Our greatest debt is to our colleagues at the Mercatus Center at George Mason University. We are deeply indebted to Brian Hooks and Claire Morgan and their hard work to create a hospitable and constructive setting not only for our research but also for the research program, of which our book is a part.
Introduction
In his article Virginia, Rochester, and Bloomington: Twenty-five Years of Public Choice and Political Science, published in the journal Public Choice in 1988, William C Mitchell wrote:
Aside from the family analogy, it seems that three schools of thought have appeared in Public Choice and that they are sufficiently different to warrant distinctive labels. Mine are taken from their geographical locations: Virginia (Charlottesville; Blacksburg; Fairfax), Rochester, and Bloomington. At each of these institutions one or two dominant figures led and continue to lead in the effort to construct theories of collective choice: Riker at Rochester, Buchanan and Tullock at various Virginia universities, and the Ostroms at Indiana.
(Mitchell 1988, 101)
In the years after Mitchells article was published, Bloomington has not only consolidated its position as one of the preeminent centers of the Public Choice and New Institutional Theory movement but also has become one of the most dynamic and productive centers of scholarly work in social sciences in general, touching a wide range of disciplines, from political science to economic history and from economics to anthropology. Moreover, besides being the home of a remarkable, unique and successful combination of interdisciplinary approaches and hard-nosed empiricism, the so-called Bloomington Institutional Analysis and Development (IAD) program has also become a model for a very efficiently run research organization, the heart of an international network of scholars and, even more important, the bearer of a really challenging intellectual vision. However, despite its wide recognition, the truly distinctive and unique nature of this program and its agenda is missed by many, both allies and critics.

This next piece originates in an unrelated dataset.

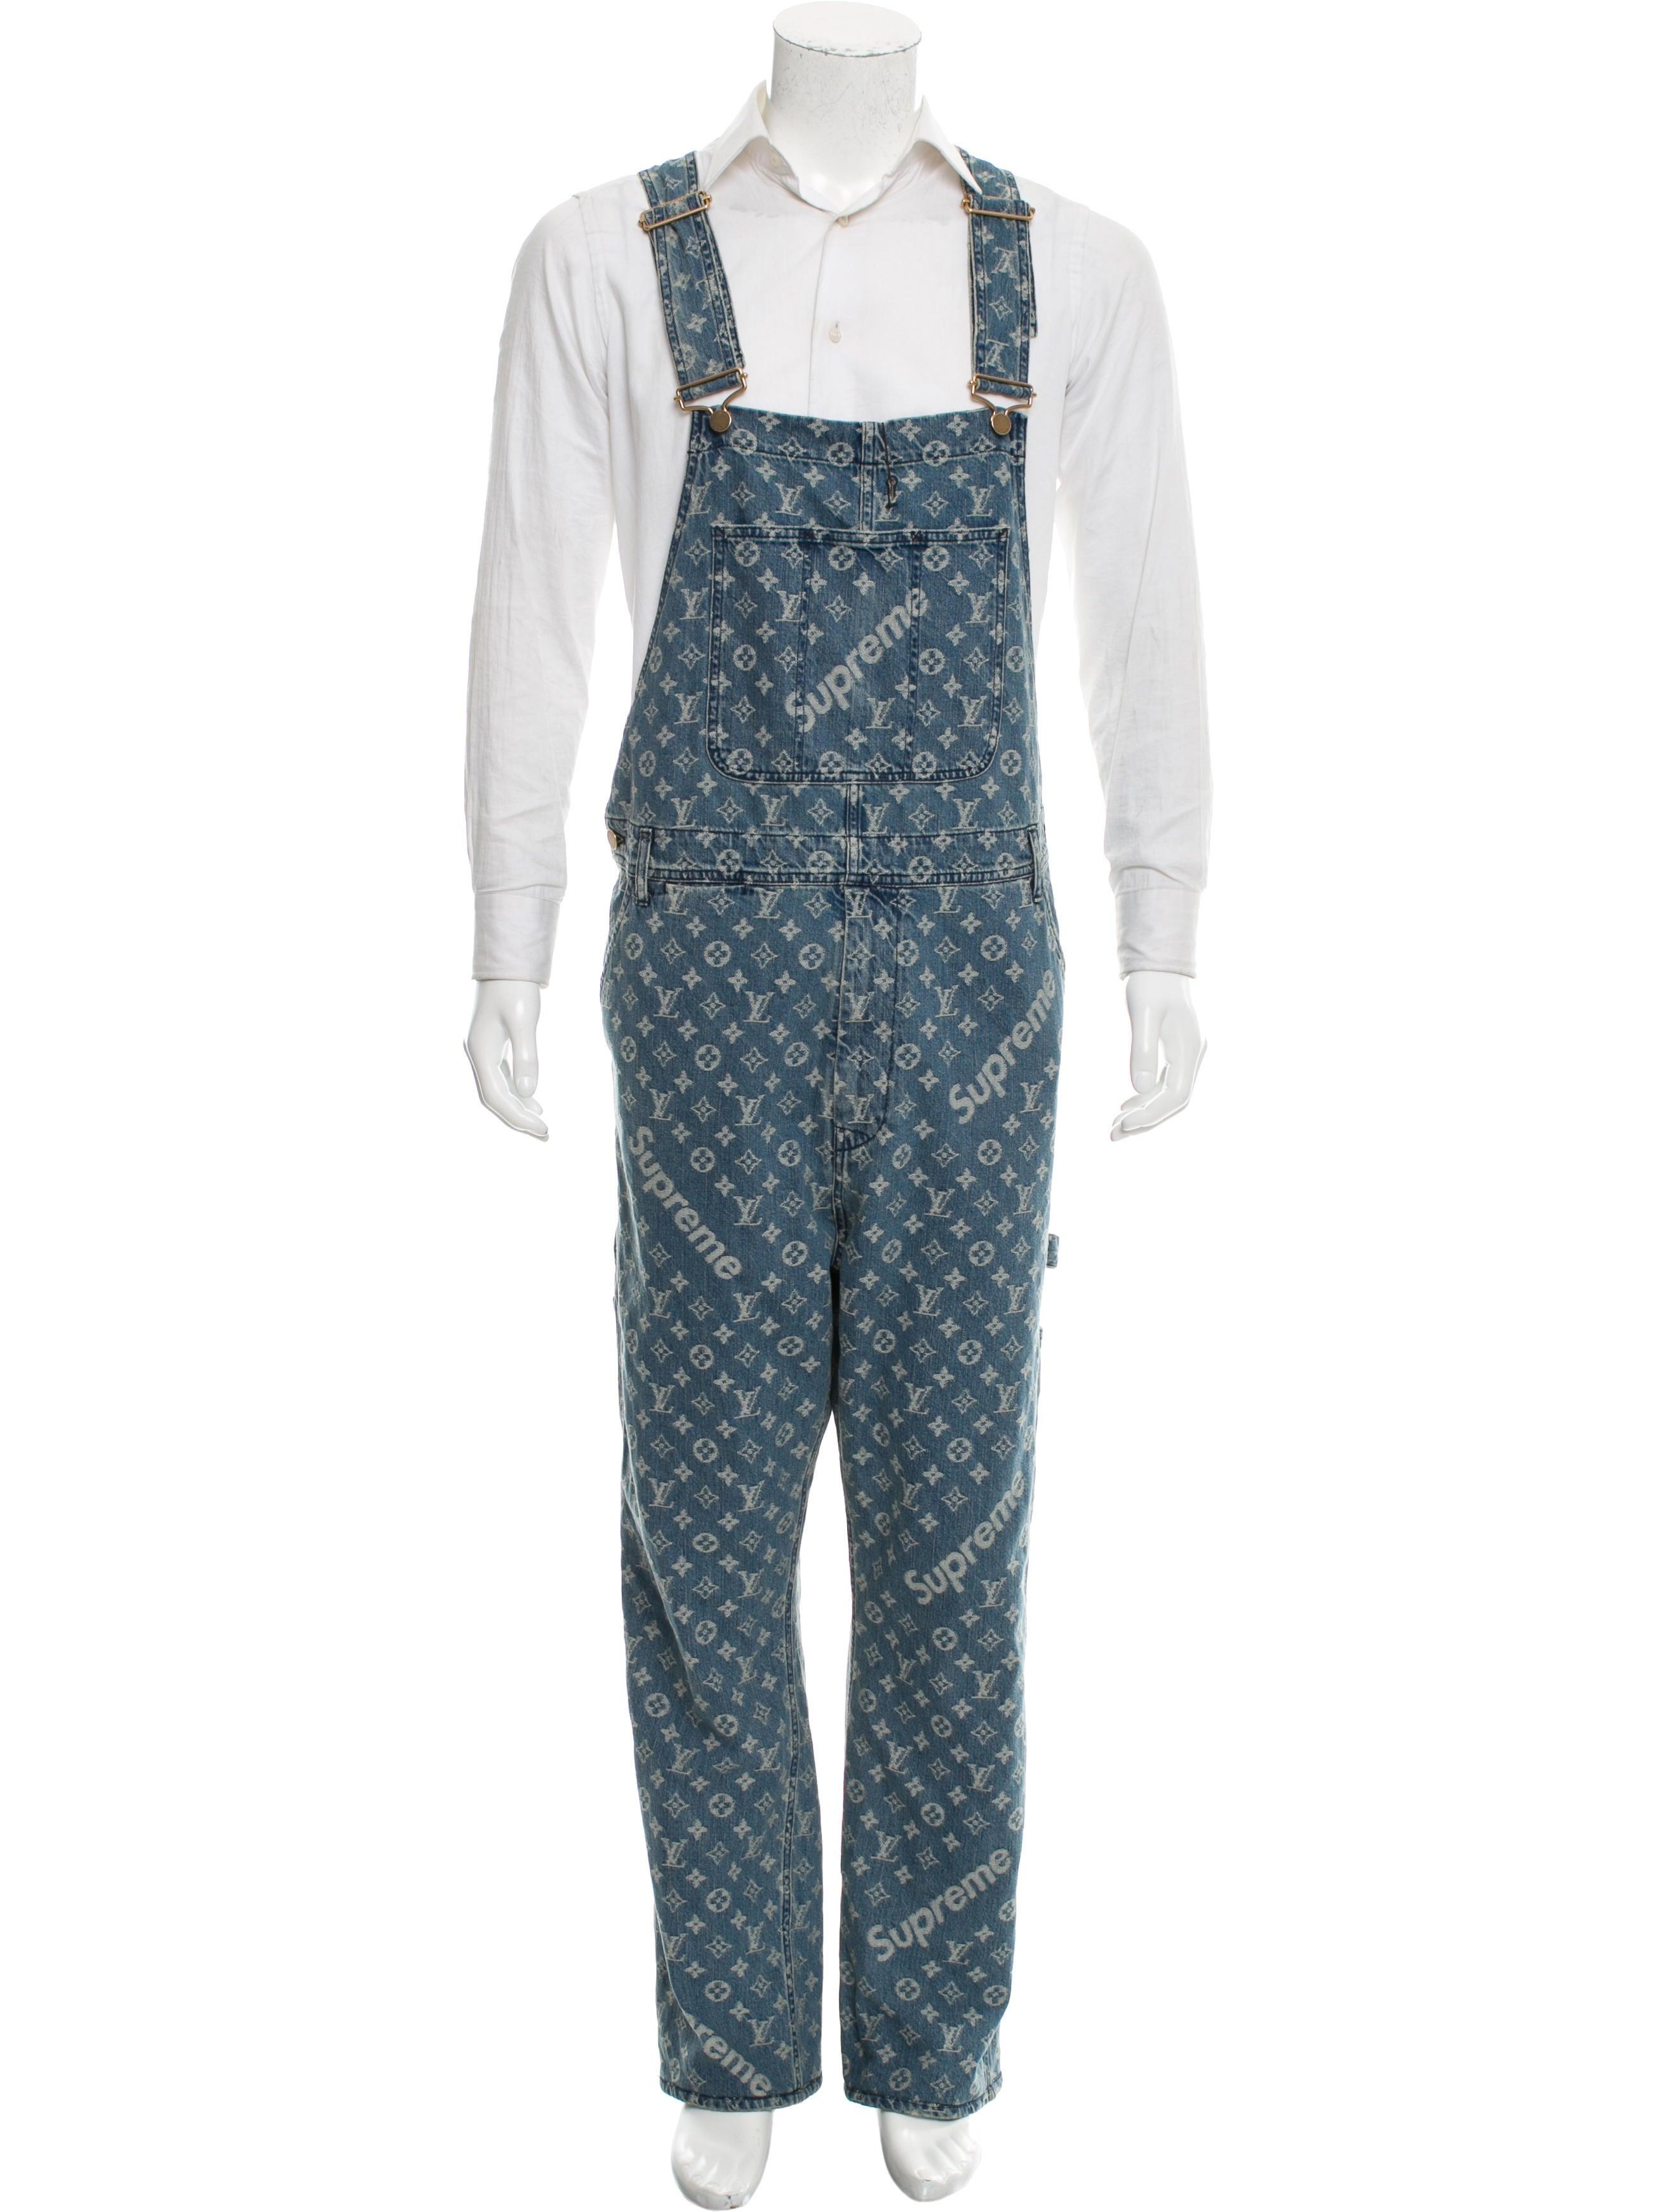 ec3f5558332 Louis Vuitton x Supreme 2017 Jacquard Denim Overalls w/ Tags ...

There are several major reasons for that misunderstanding: first, both the foundational research done at Bloomington on coordination, cooperation and rationality and the applied research focused on institutional processes, with a special accent on governance systems, are incorrectly associated and conflated with the mainstream, rational-choice inspired research that focuses on similar or related themes. Second, the fact that many perceive the IAD agenda in a very narrow way: that is, basically only in relationship to the common-pool resources studies, which are indeed very salient but are in fact only one of the many dimensions of the program. The reality is that the study of commons emerged from a broader and deeper intellectual perspective that frames at a foundational level the work of the Bloomington scholars. As such it is only one of the ways in which that perspective becomes operational in the research practice. Third, even when astute readers were able to trace and put together from pieces some elements of this general vision, they stepped back puzzled, because by its very nature it is profoundly challenging and subversive to many of the scientific or policy orthodoxies of the day. And finally, and probably the most important, is the fact that no systematic attempt has been made until now to put methodically together all the main pieces, and to explicitly articulate for the public the foundational core of the program and the key elements of the intellectual vision behind it.